▶ _WORK TO COMPLETE_: Return all of the data verbatim, dropping any picture.

▶ _DATA SECTION_:
=== Section Start ===

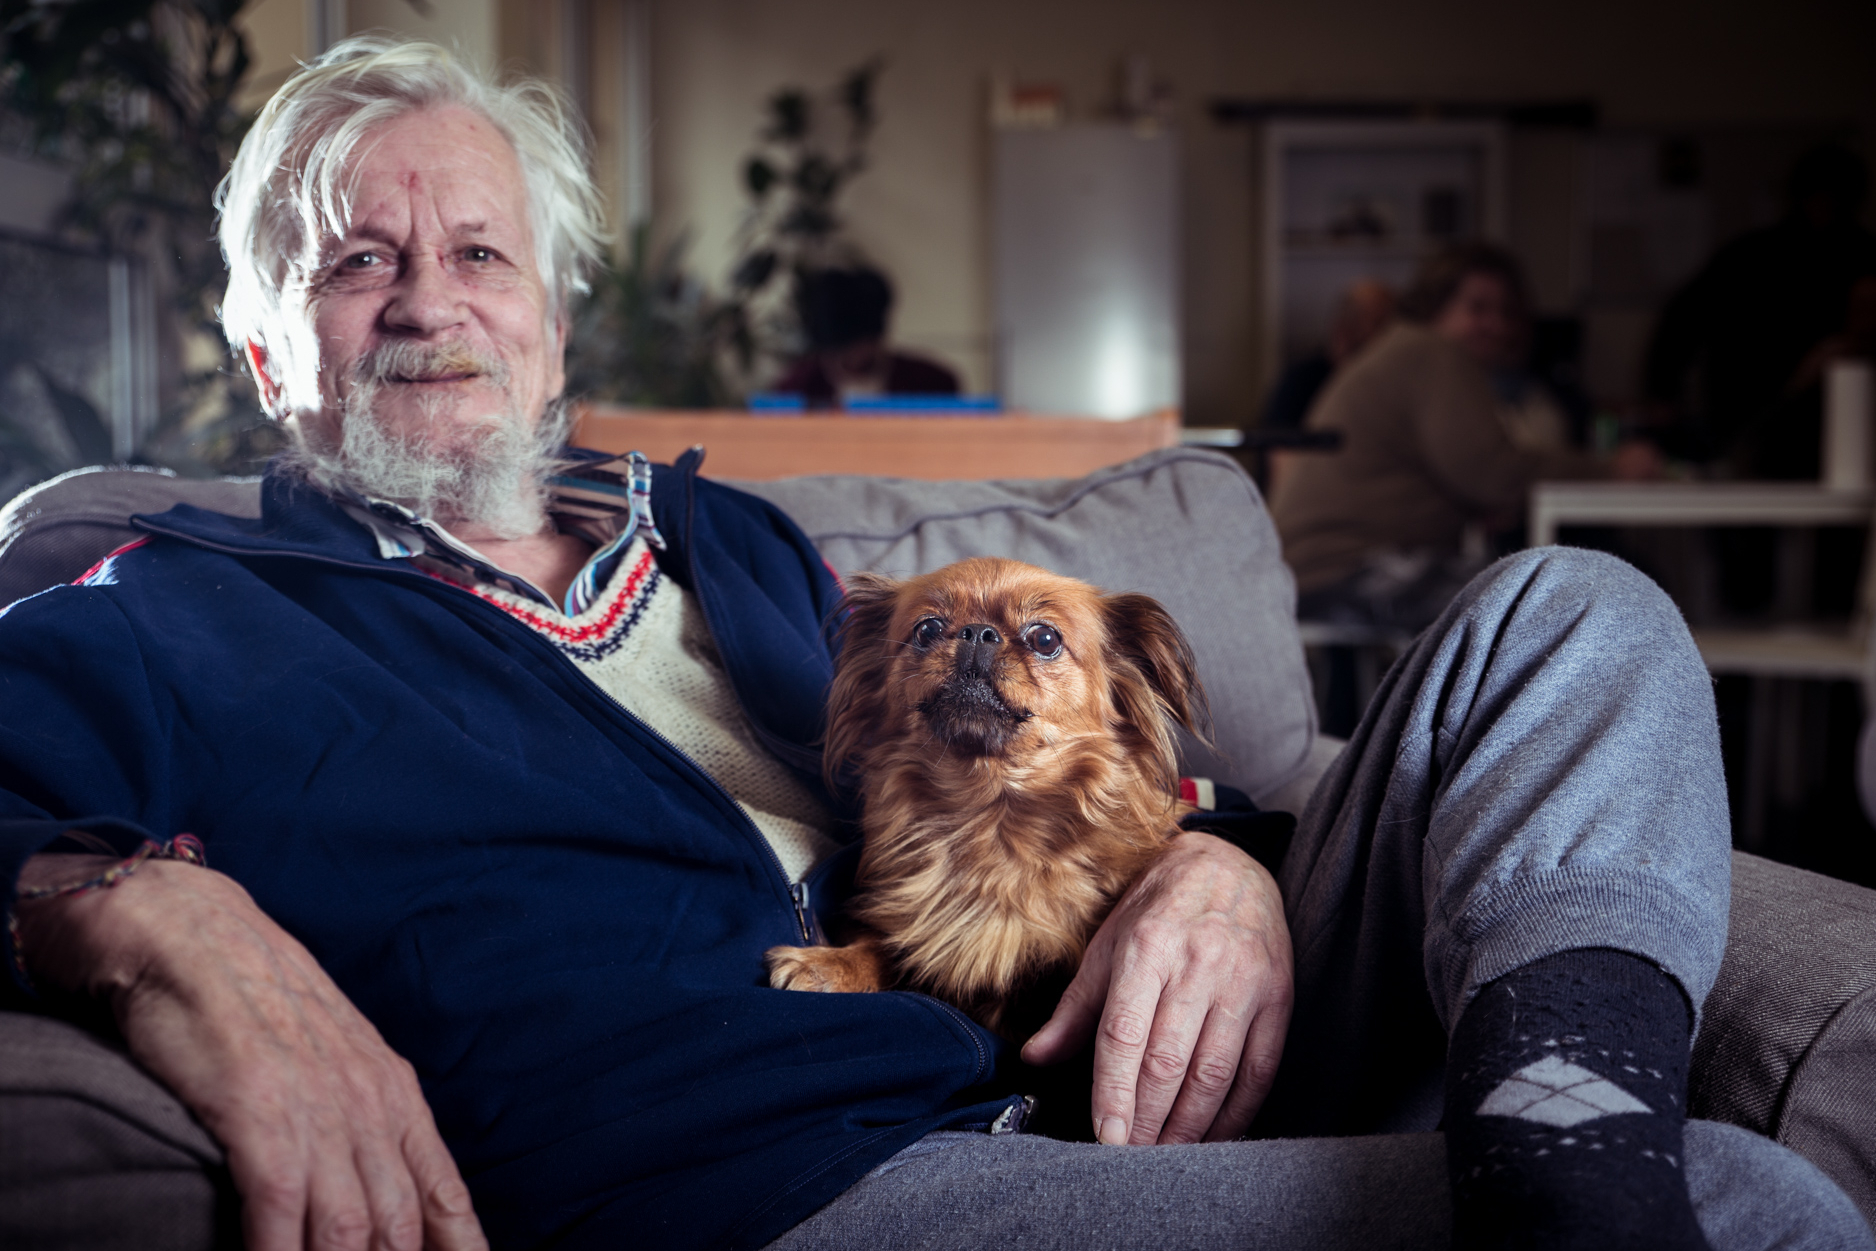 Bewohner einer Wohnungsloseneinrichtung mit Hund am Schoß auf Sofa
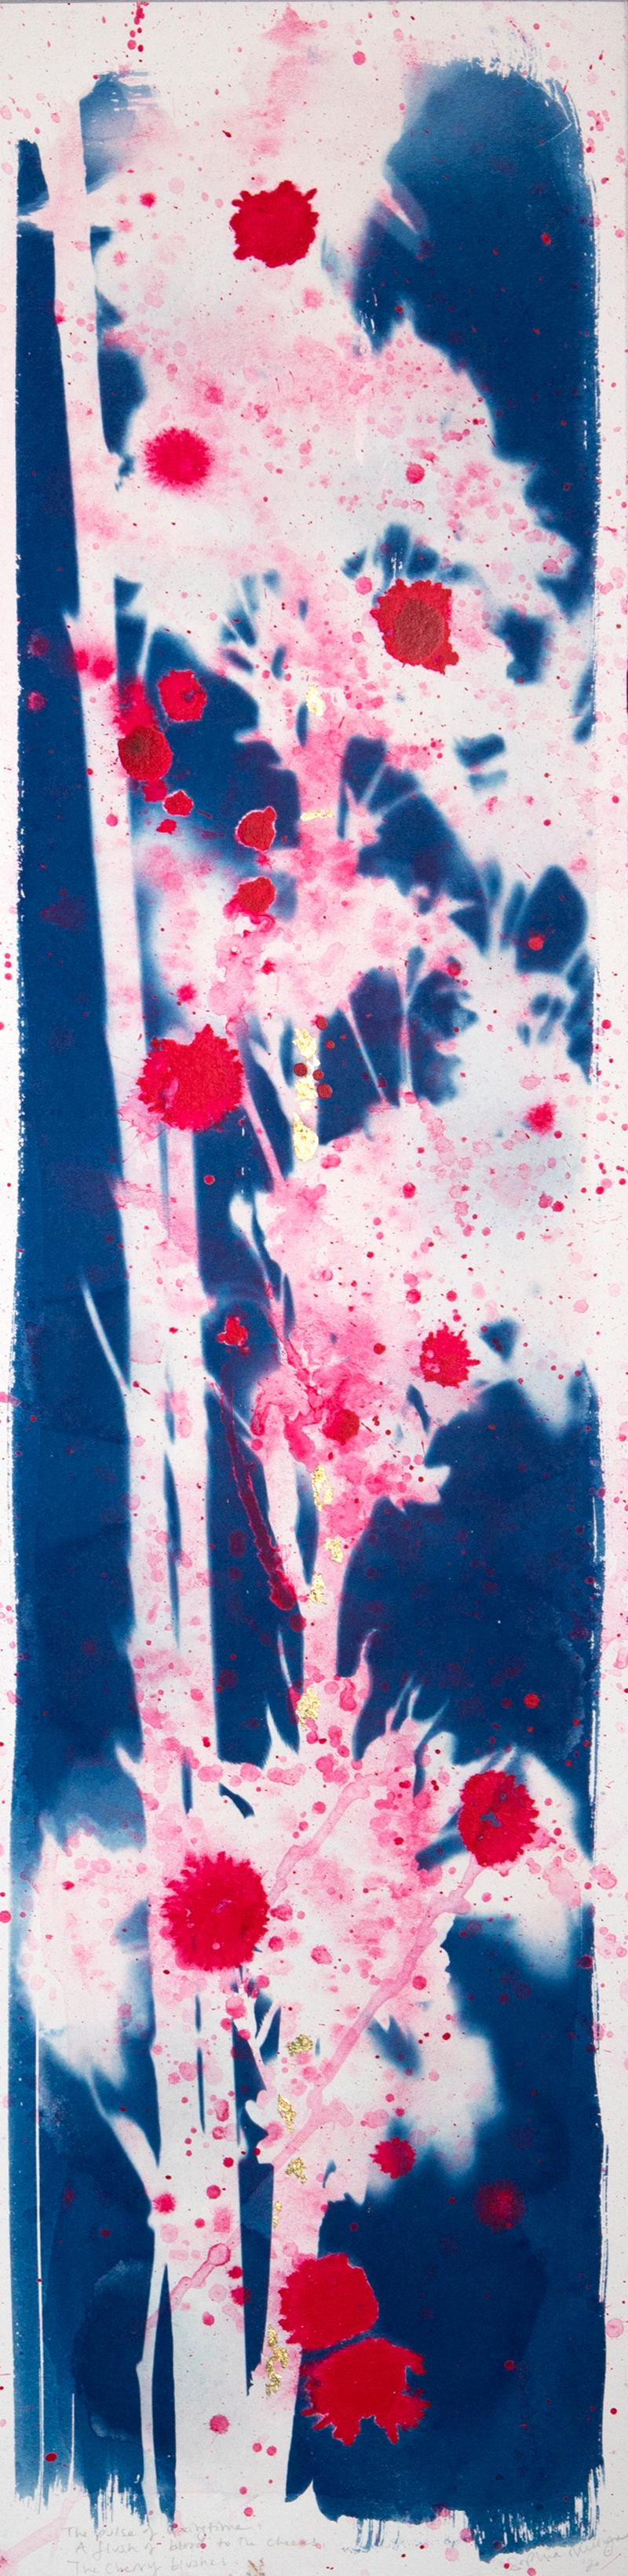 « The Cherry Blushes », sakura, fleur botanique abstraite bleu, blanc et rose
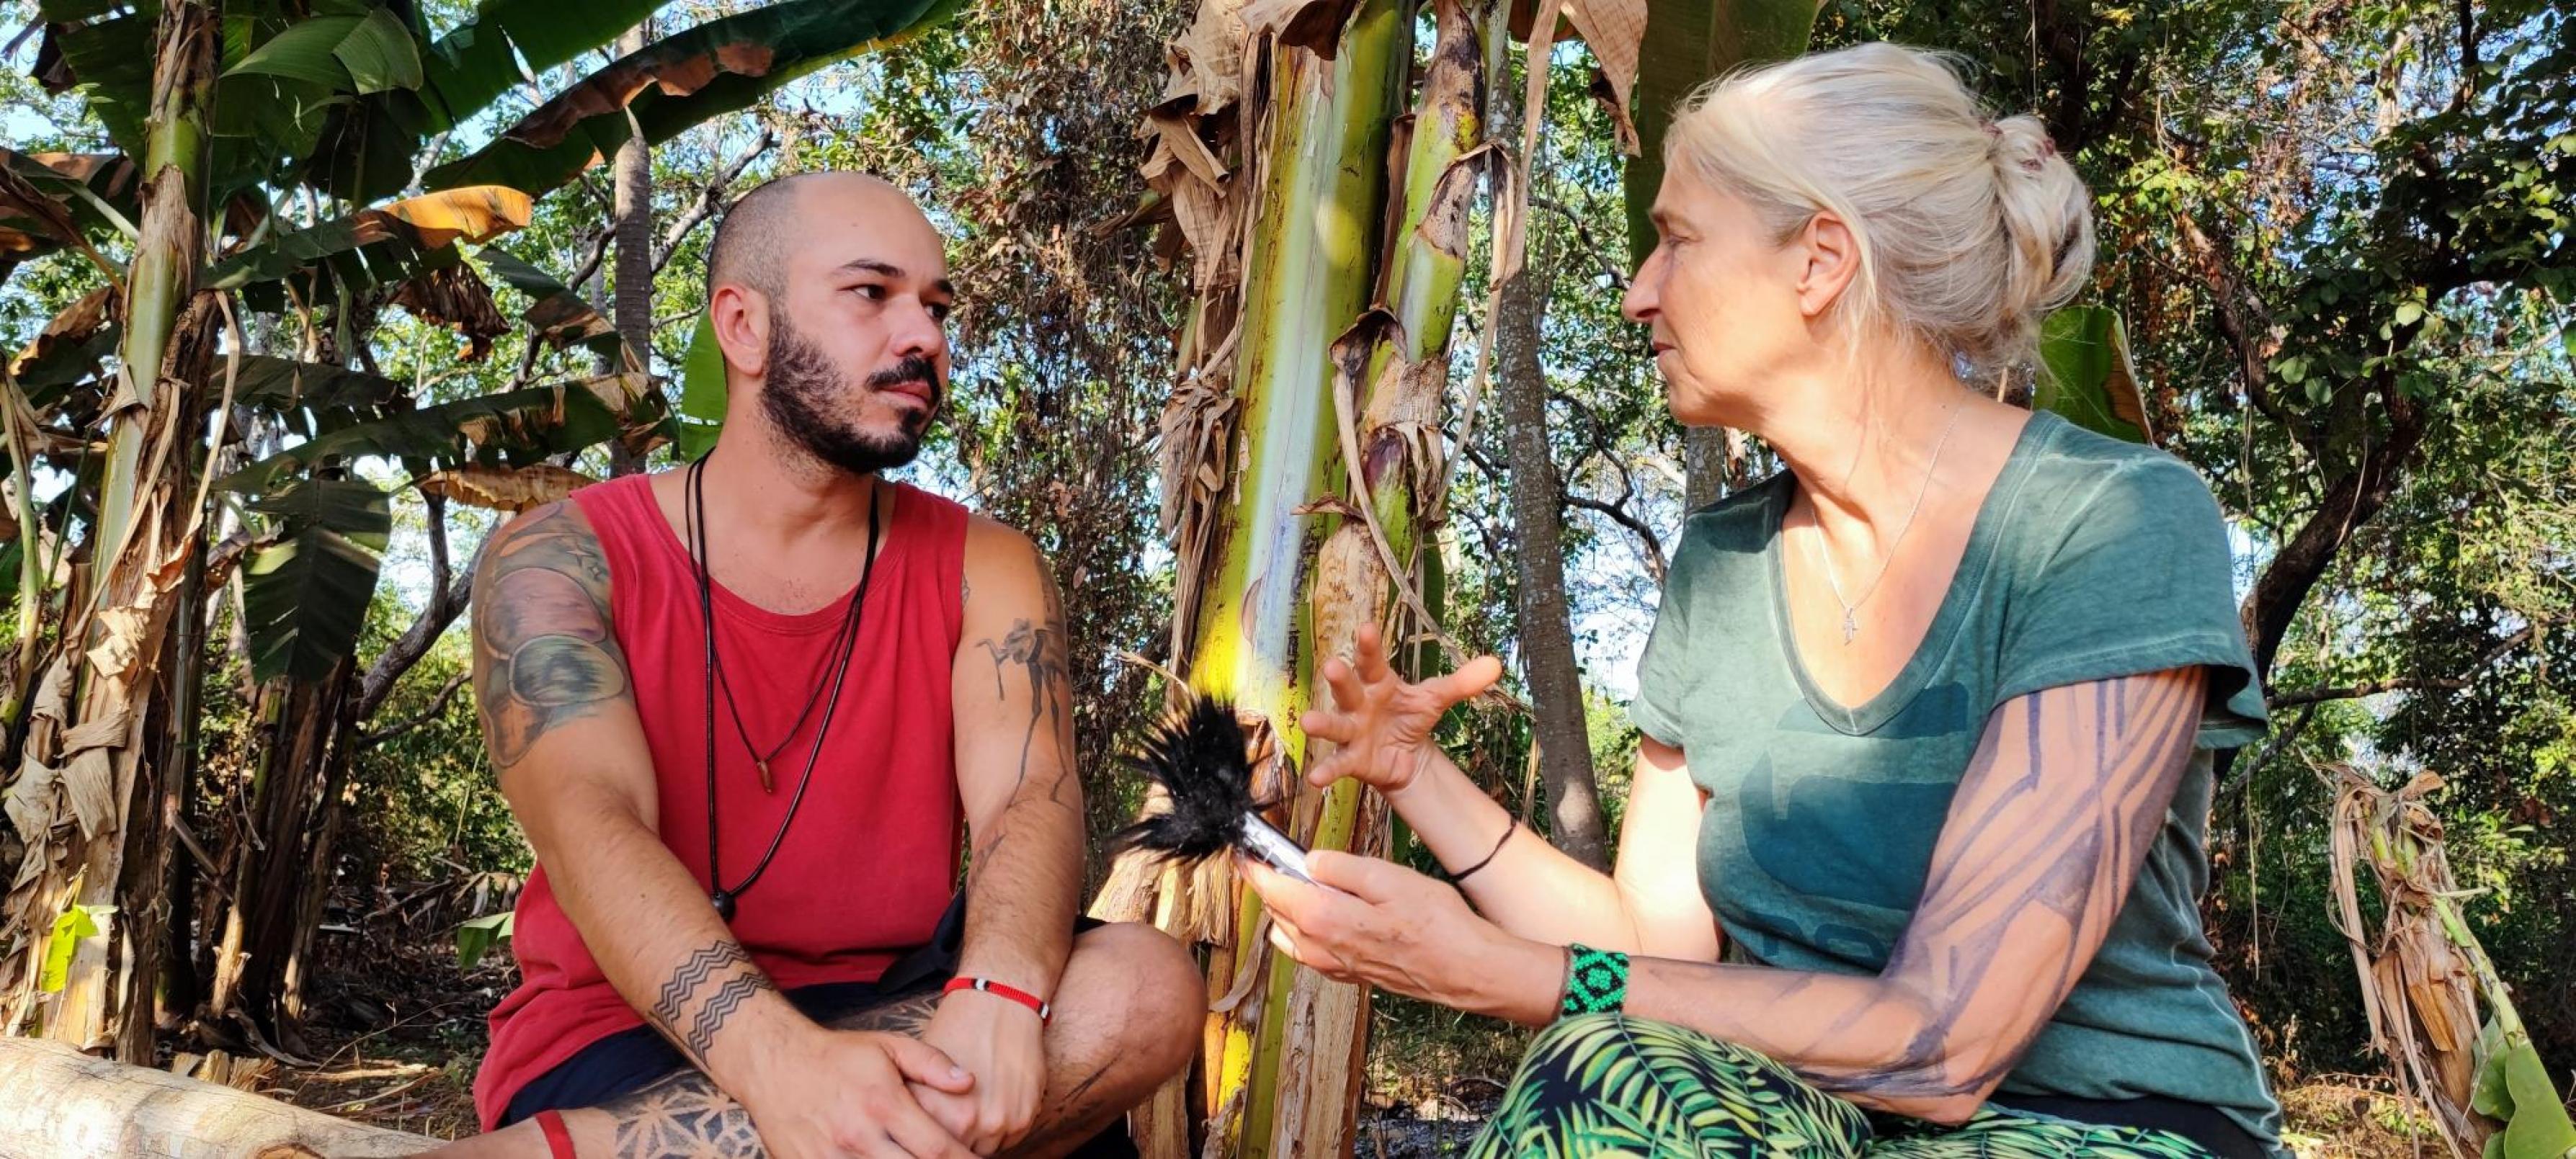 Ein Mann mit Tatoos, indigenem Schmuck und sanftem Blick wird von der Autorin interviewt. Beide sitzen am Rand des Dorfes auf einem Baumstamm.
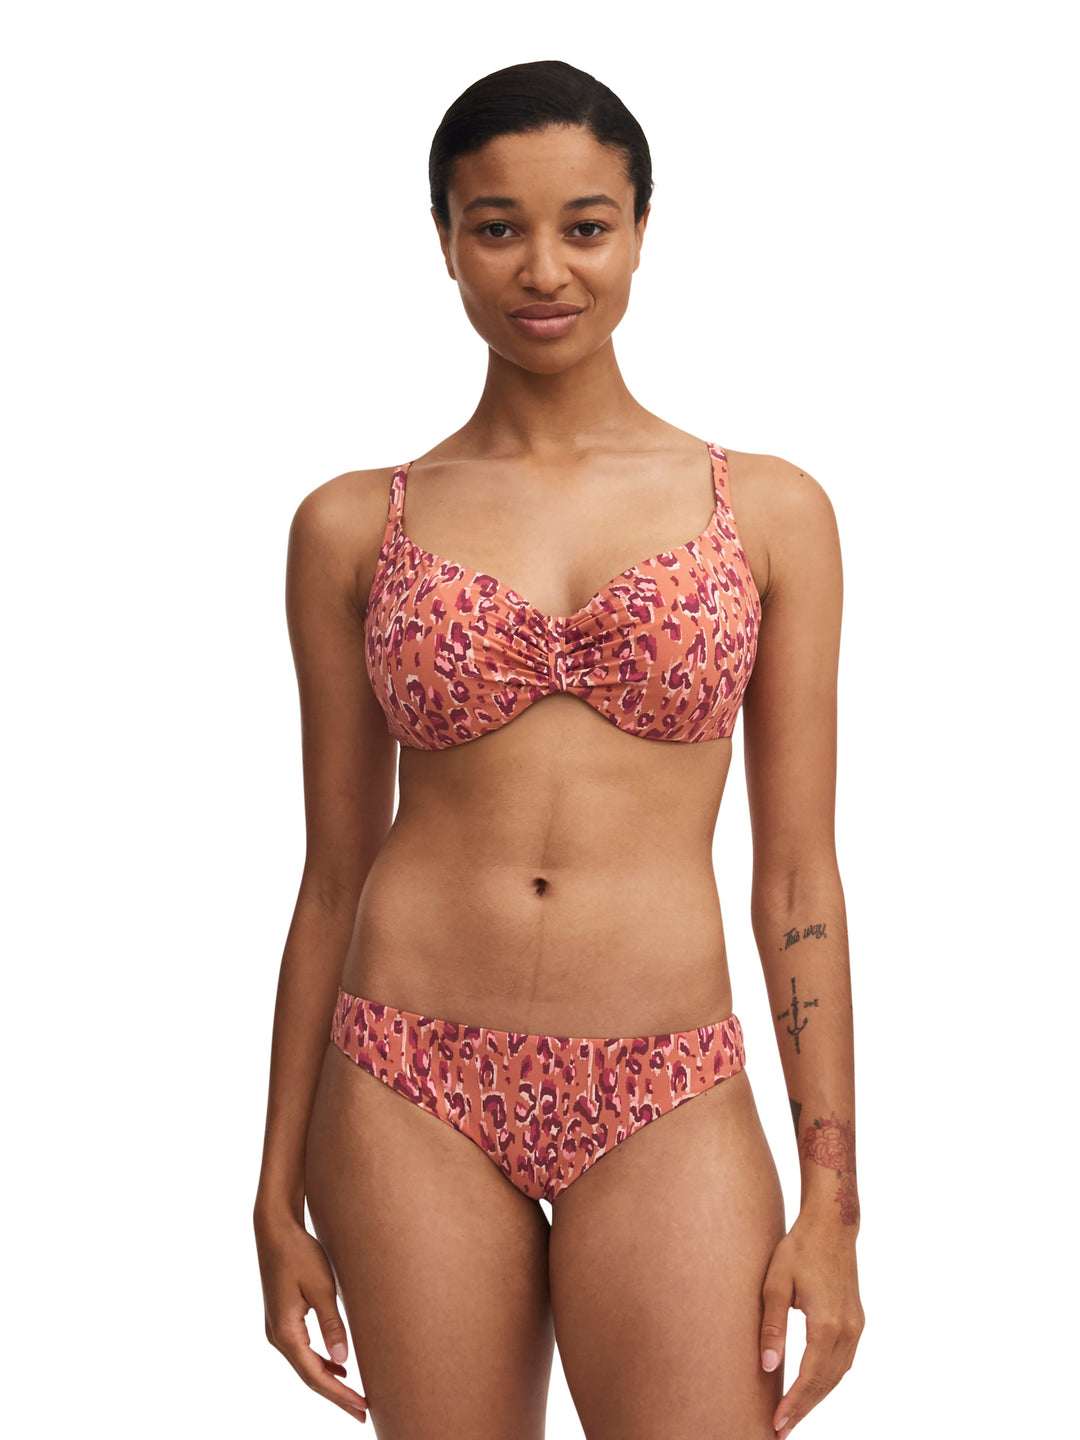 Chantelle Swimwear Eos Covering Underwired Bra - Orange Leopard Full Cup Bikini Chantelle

=== Section End ===

▶ _OUTPUT FOR THIS EXERCISE_:
 Bewohner einer Wohnungsloseneinrichtung mit Hund am Schoß auf Sofa
 « The Cherry Blushes », sakura, fleur botanique abstraite bleu, blanc et rose
 Ein Mann mit Tatoos, indigenem Schmuck und sanftem Blick wird von der Autorin interviewt. Beide sitzen am Rand des Dorfes auf einem Baumstamm.
 Chantelle Swimwear Eos Covering Underwired Bra - Orange Leopard Full Cup Bikini Chantelle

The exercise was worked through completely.